Potty training for a sensory affected child can be a daunting task. It's frustrating to the parents too. I've read about children who don't manage it until as far as 18 years old. Most that I've read about are around 9 or 10.
What is it that causes potty training to be so difficult?
One theory is that the sensation of the open space of the bowl under them is disconcerting. They may not feel stable or safe sitting on the bowl. That could even take effect for child size potty chairs.
The change of not having the sensation of a soiled diaper may even have a little to do with it. Consider that all they've known up to this point is what if feels like to have the duty done next to their skin. The new effects can be disconcerting. Hey, it's only a theory.
What's really important to know (mostly for the high functioning with autism such as Asperger's) is that it's not impossible. Potty training can be done. It will take more dedication and perhaps longer than a typical child, but can be done.
Things that will help:
There are training programs geared for autism that you can find by internet search. Here are just a few sites to check out:
Seeing other kids the same age can inspire a child to do the same as they do.
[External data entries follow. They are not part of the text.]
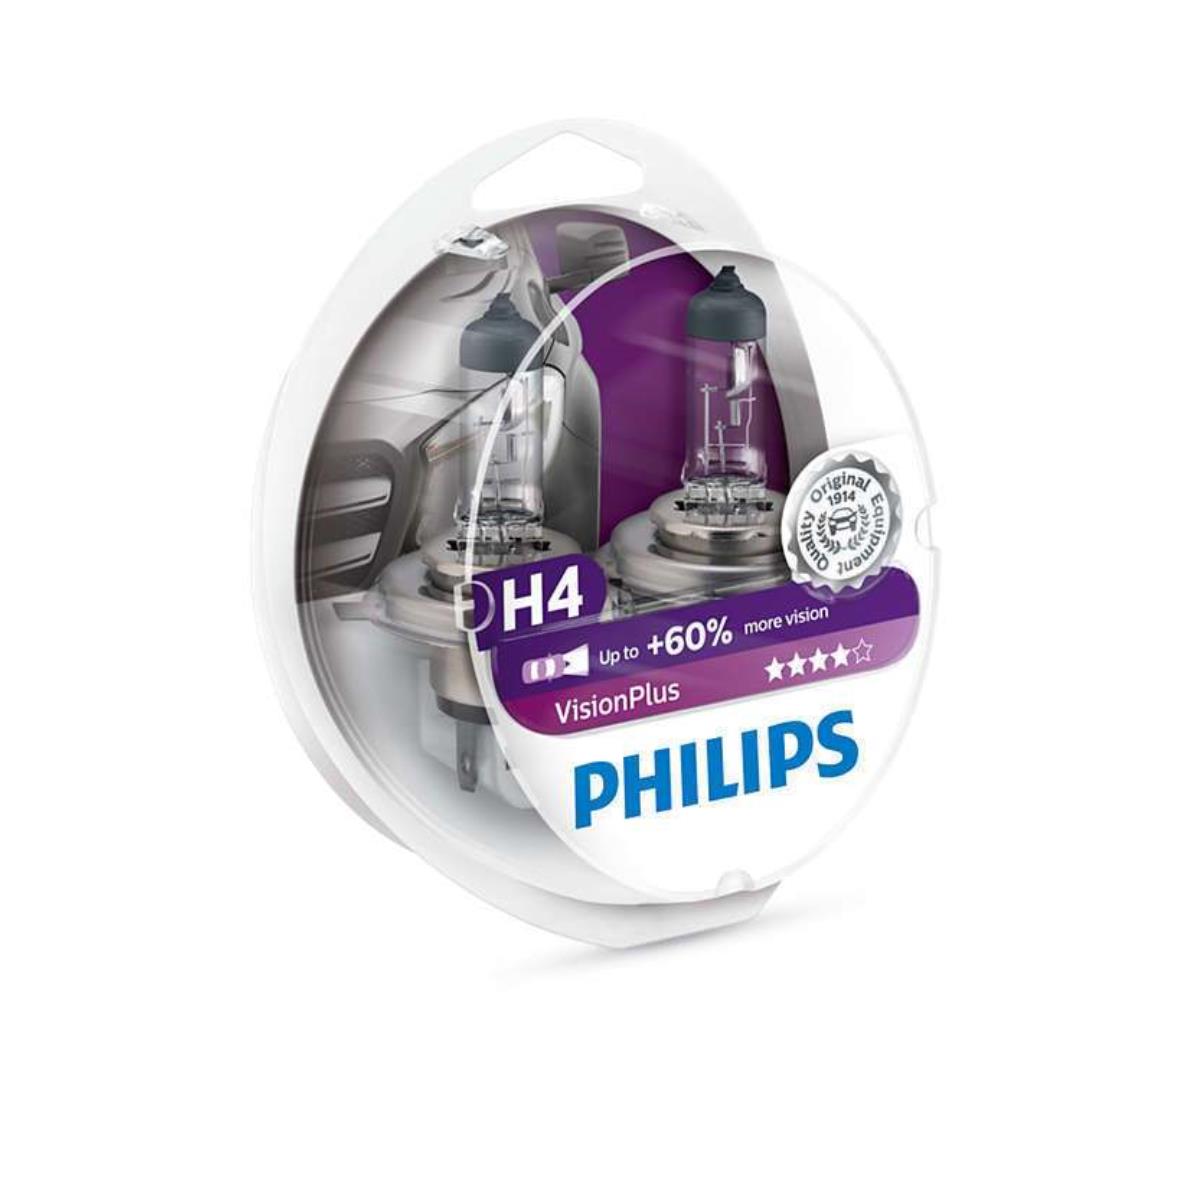 Philips Vision Plus +60% 2x H4 12V 60/55W P43t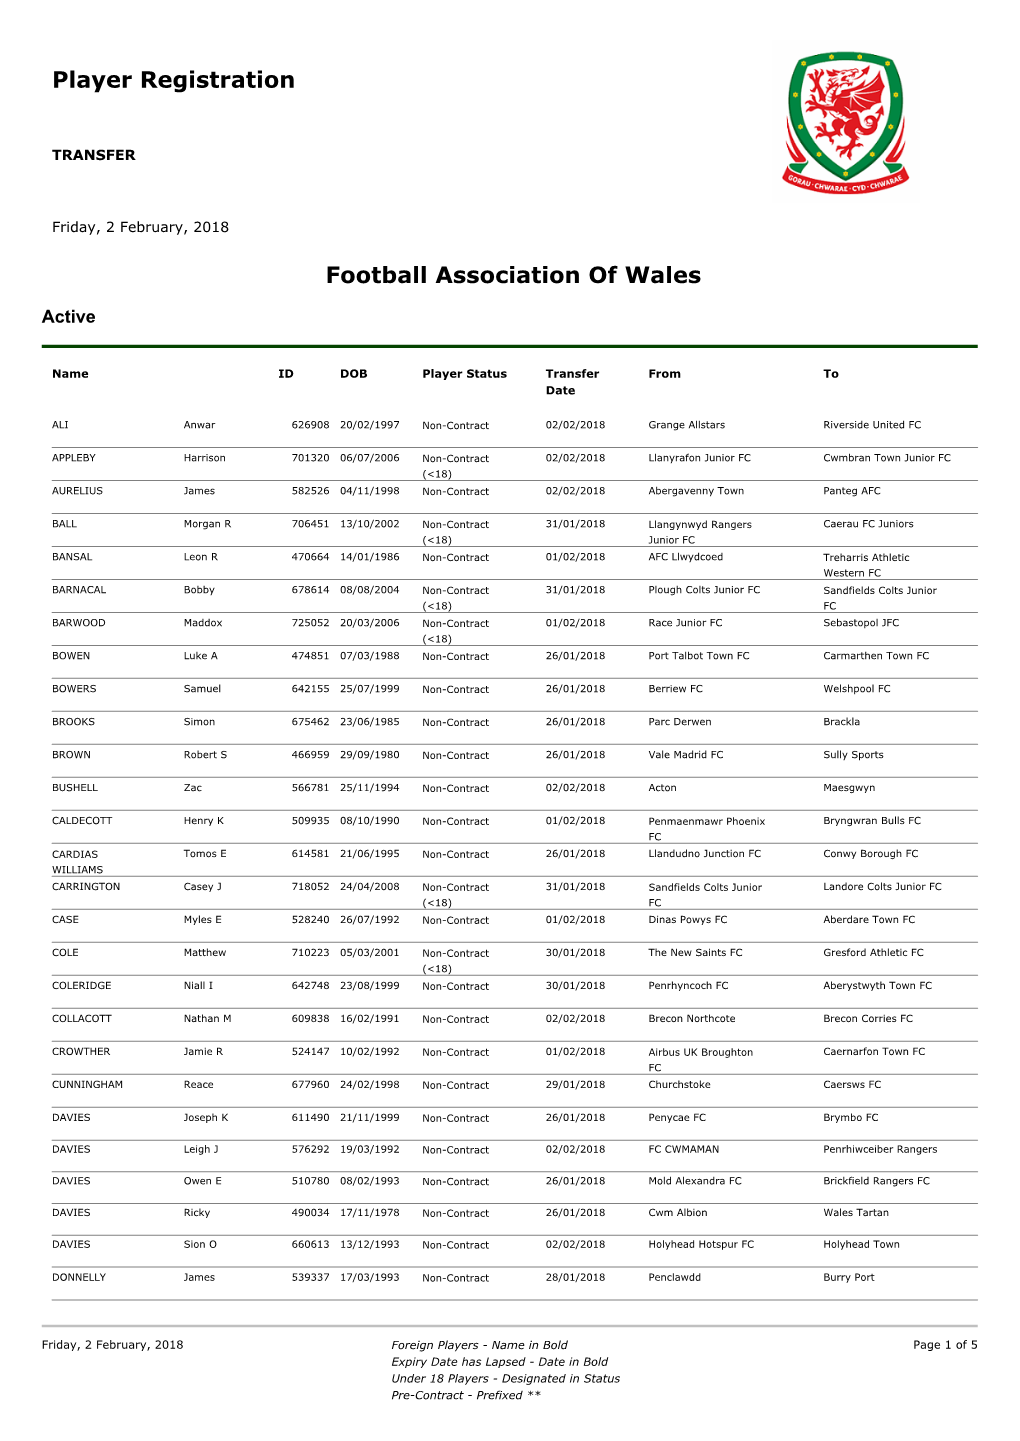 Player Registration Football Association of Wales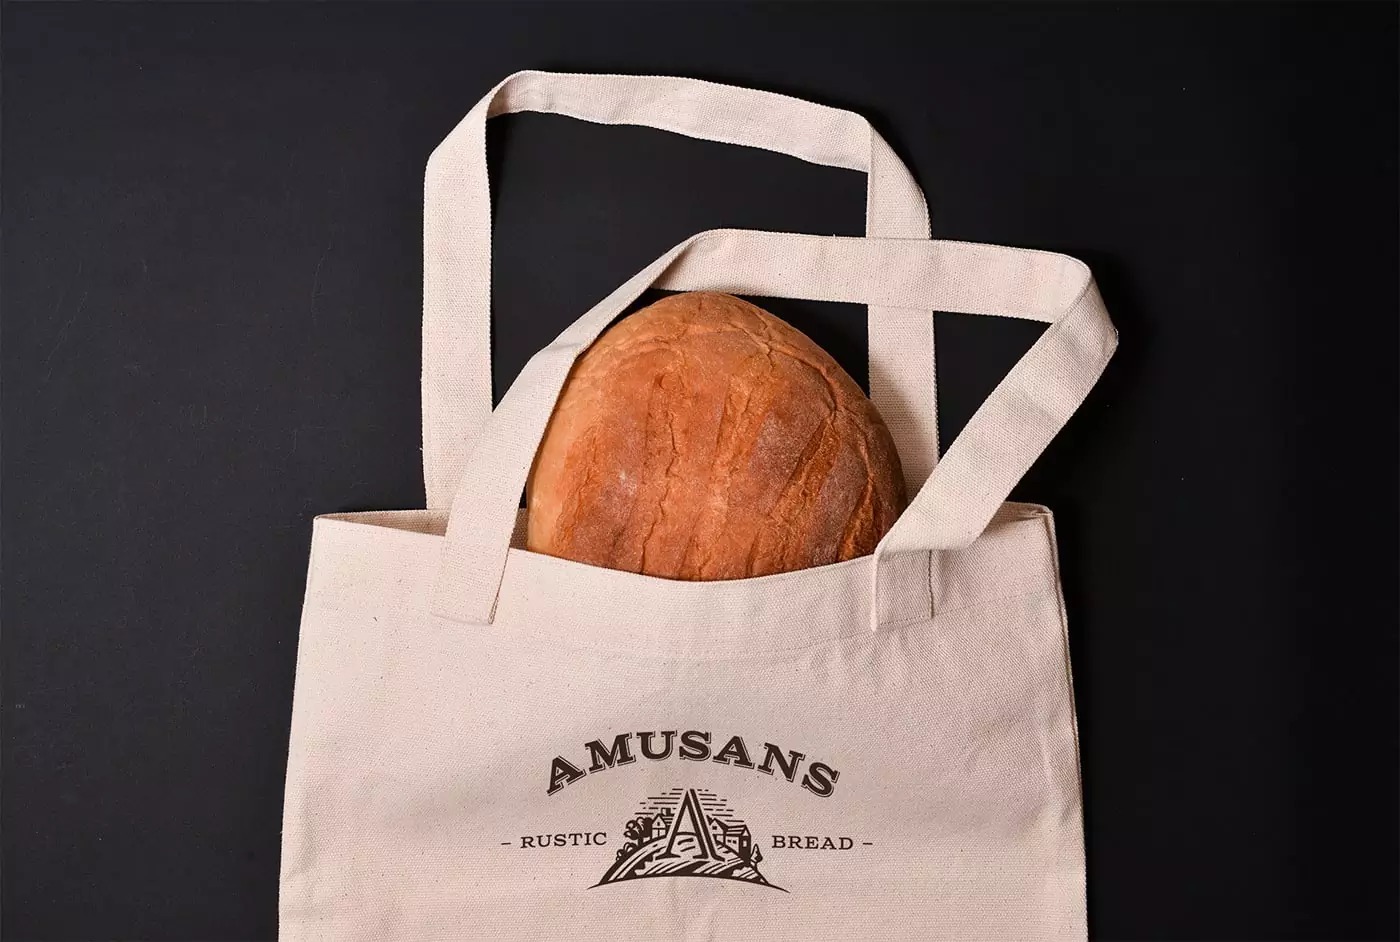 Amusans手工面包品牌形象设计

With all the attempts and programs used with my own son, it was seeing other five and six year olds use the potty that fixed the situation forever.
Use props, videos, toys and books. Read books on potty, watch videos, and get a baby doll that wets itself for demonstration.
Reinforce by pointing out that no one else in the house does the duty in their pants.
Consistency and repetition are key!
So, if you are looking at potty training, collect yourself and arsenal of information and tools and above all, don't give up!